Una de ellas, Hagnódice, fue la primera ginecóloga reconocida de la historia, en el siglo IV a.C. (aprovecho para recomendar el libro Científicas, de Valeria Edelsztein, donde pueden encontrar esta y muchas otras historias de científicas).
–Un tema que sensibiliza a la protagonista es la cantidad de mujeres muertas en partos para la época. ¿Por qué aparece destacado en la novela?
–Mary Wollstonecrafts, madre de Mary Shelley, murió a los veinte días de parirla por una infección en la placenta. Esta muerte me resultó simbólica: una de las mayores feministas de la época, la autora de la Vindicación de los derechos de la mujer, defensora del amor libre y de la crianza compartida, entre otros derechos, muere por una mala resolución médica a los 38 años. Me motivó a buscar información acerca de cómo eran los partos en esa época. Daba miedo parir. Un miedo justificado pues el riesgo de morir era alto. Y parir con la asistencia de un médico no necesariamente resultaba más seguro, pues había médicos que, luego de realizar autopsias, sin que mediaran grandes medidas de higiene, atendían partos. Tengamos en cuenta que lo usual era que el primer parto sucediera pronto; Mary Shelley tuvo su primera hija a los 17 años, para volver a su vida por un instante.
La figura de las parteras era muy importante para las futuras madres y las futuras abuelas, les daba tranquilidad que estuvieran allí pues eran mucho más meticulosas con la limpieza del lugar, pero su labor no eran reconocida por los médicos, ni en Europa ni en Buenos Aires. Encontré artículos que citan documentos judiciales que las describen como “entrometidas, viejas desaseadas y mulatas analfabetas”. Evidentemente todo lo que leí al respecto me impresionó y luego apareció con fuerza en la escritura. ¡Y eso que el borrador lo escribí antes de la pandemia! Esto que repetimos día a día, de lavarnos las manos a conciencia y desinfectar las superficies para evitar infecciones, era algo que no se sabía en aquel entonces. Lo tenían mucho más claro las parteras del pueblo que los médicos de la academia.
–“Voy a hacer un experimento y amamantaré por seis meses a mi hijo”, cuenta la protagonista. ¿Qué costumbres de la época está rompiendo y cuándo eso dejó de ser un “experimento”?

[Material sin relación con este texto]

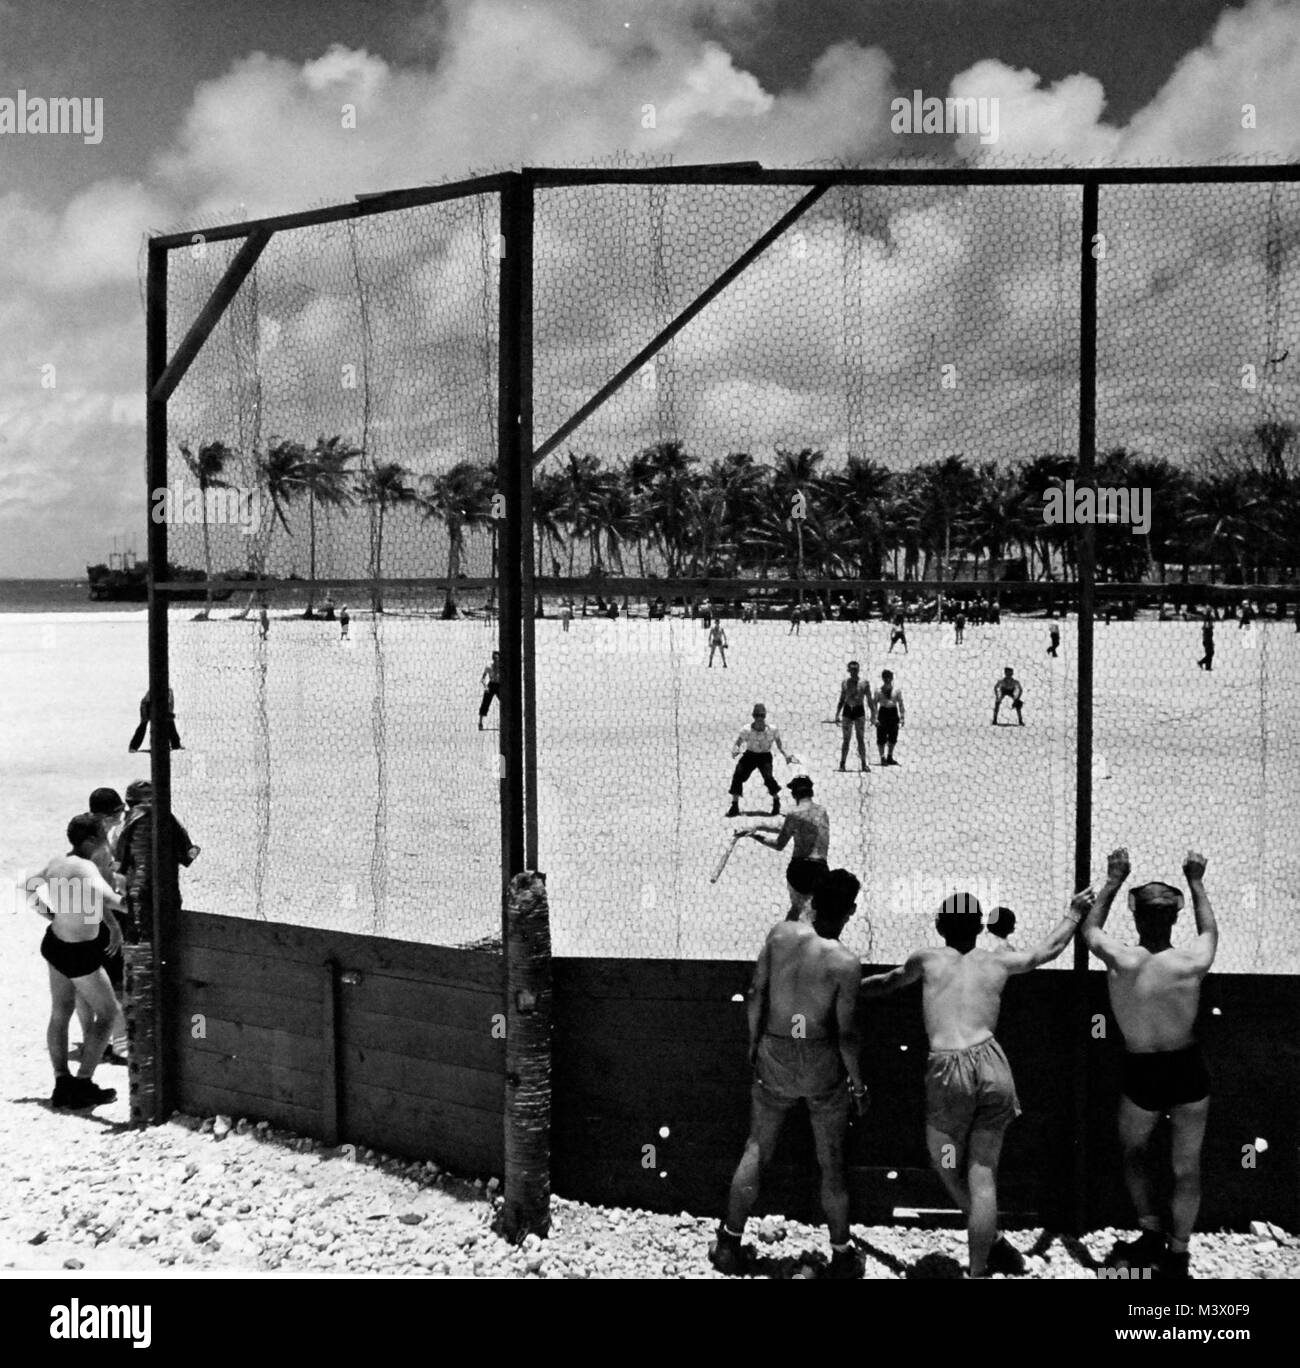 80-G-412960:  Mog-Mog Island.  Enlisted men enjoy a game of baseball.  Photograph by Steichen Photographic Unit, TR-15757.  Photograph received April 7, 1950.      Official U.S. Navy Photograph, now in the collections of the National Archives.  (2018/01/31). 80-G-412960 40008539151 o Stock Photo

–En tiempos victorianos las familias acomodadas solían contratar a nodrizas o “amas de cría”, pues sostenían que amamantar “desgastaba” a la mujer. La edad promedio de las madres primerizas era muy temprana. Florence llega bastante más tarde a la experiencia, habiendo escuchado más relatos, con más conocimiento de su propio cuerpo; quizá por eso se permite el lujo de “experimentar” y así, alimentar tanto a su hijo como a su curiosidad. No parece una mujer preocupada por “desgastarse” y, claramente, tampoco le importa demasiado lo que piense su esposo al respecto.
Recién en el siglo XX aparecen estudios sistemáticos sobre los beneficios de la lactancia materna. Haber permitido que este deseo de mi personaje apareciera en la novela fue quizá, correr el riesgo de caer en lo inverosímil pero, como dice Anne Dufourmantelle, en ese libro exquisito que es Elogio del riesgo, “desobedecer supone la capacidad de obedecer, con una obediencia otra, bajo otras latitudes que las del yo consciente”. Y escribir tiene mucho que ver con esa “obediencia otra”: apareció el deseo de amamantar en mi personaje y ¿quién soy yo para borrarlo?
“Hay documentos judiciales de la época que describen a las parteras como ‘entrometidas, viejas desaseadas y mulatas analfabetas’”.